L’étudiante belgo-nicaragueyenne Amaya Coppens est toujours emprisonnée au Nicaragua. Elle figure parmi plus de 500 activistes arrêtés durant la répression des manifestations depuis le mois d’avril. Le président Daniel Ortega et son épouse, la vice-présidente Rosario Murillo, ont réduit leurs opposants au silence. Outre ces prisonniers politiques, la répression a aussi causé la mort de plus de 300 manifestants, pour la plupart des jeunes.

Amaya Coppens, 24 ans, était une des leaders du mouvement étudiant dans la ville de Léon. Arrêtée le 10 septembre, elle est aujourd’hui accusée de terrorisme par la justice nicaraguayenne … Son procès devrait s’ouvrir à Managua, la capitale du Nicaragua, le 10 décembre.

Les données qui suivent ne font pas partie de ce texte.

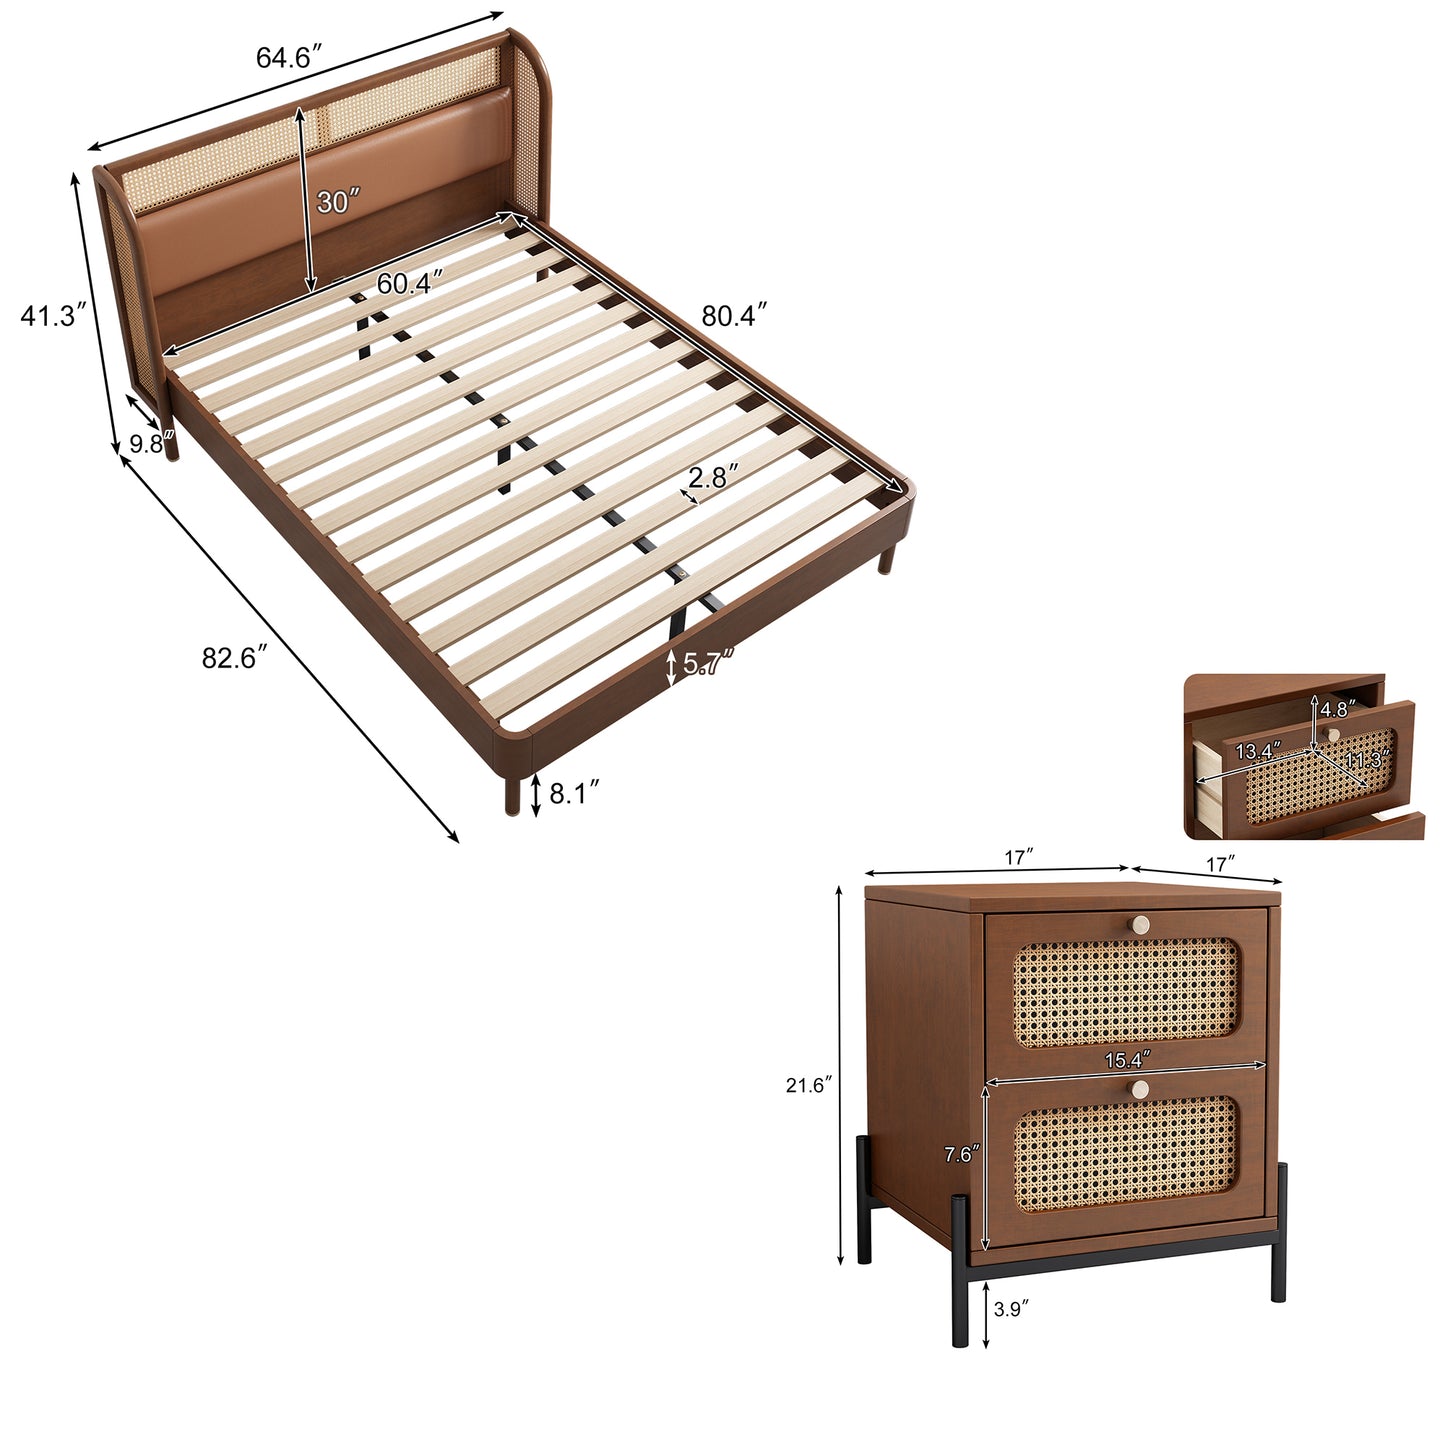 3 Pieces Modern Cannage Rattan Platform Queen Bed + Nightstand*2, Walnut - Enova Luxe Home Store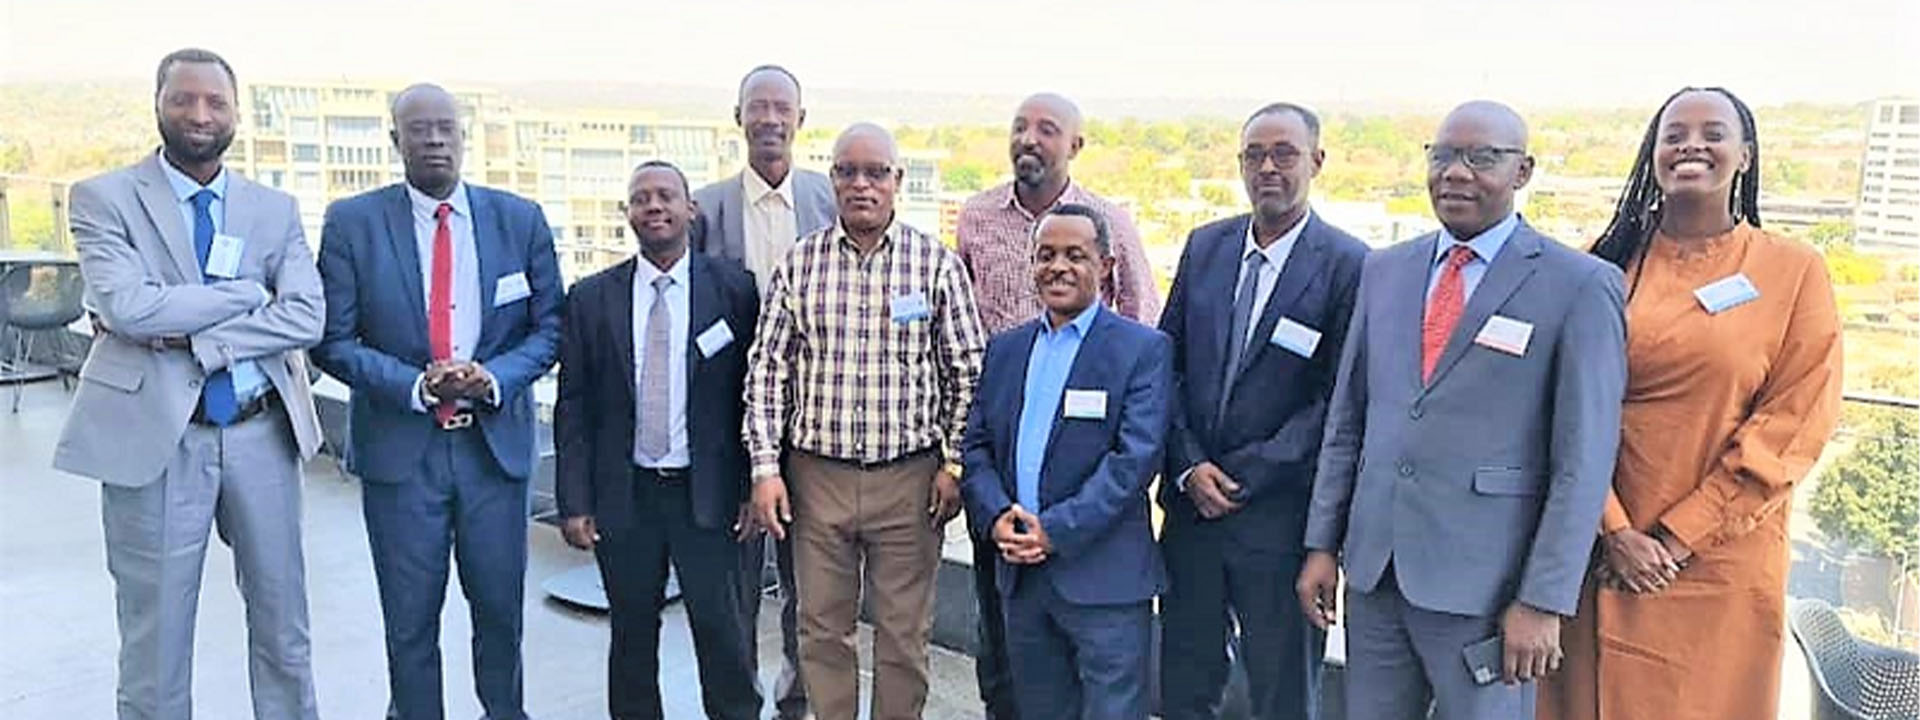 IGAD in the List of Speakers at the Second ACQF Training Program

En reportage au Nicaragua, notre correspondante Emmanuelle Steels a rencontré les parents d’Amaya et son avocat, Maynor Curtis, qui explique le caractère politique de ces accusations. D’après lui, son cas est emblématique de la criminalisation des étudiants qui ont dirigé la révolte d’avril contre le président Daniel Ortega: "Il n’y a aucune base légale pour parler de terrorisme : les éléments décrits dans le code pénal pour définir le terrorisme ne se retrouvent pas dans la description des accusations contre Amaya. Ils ne peuvent pas démontrer qu’elle est une terroriste car il n’y a aucun lien avec un groupe terroriste".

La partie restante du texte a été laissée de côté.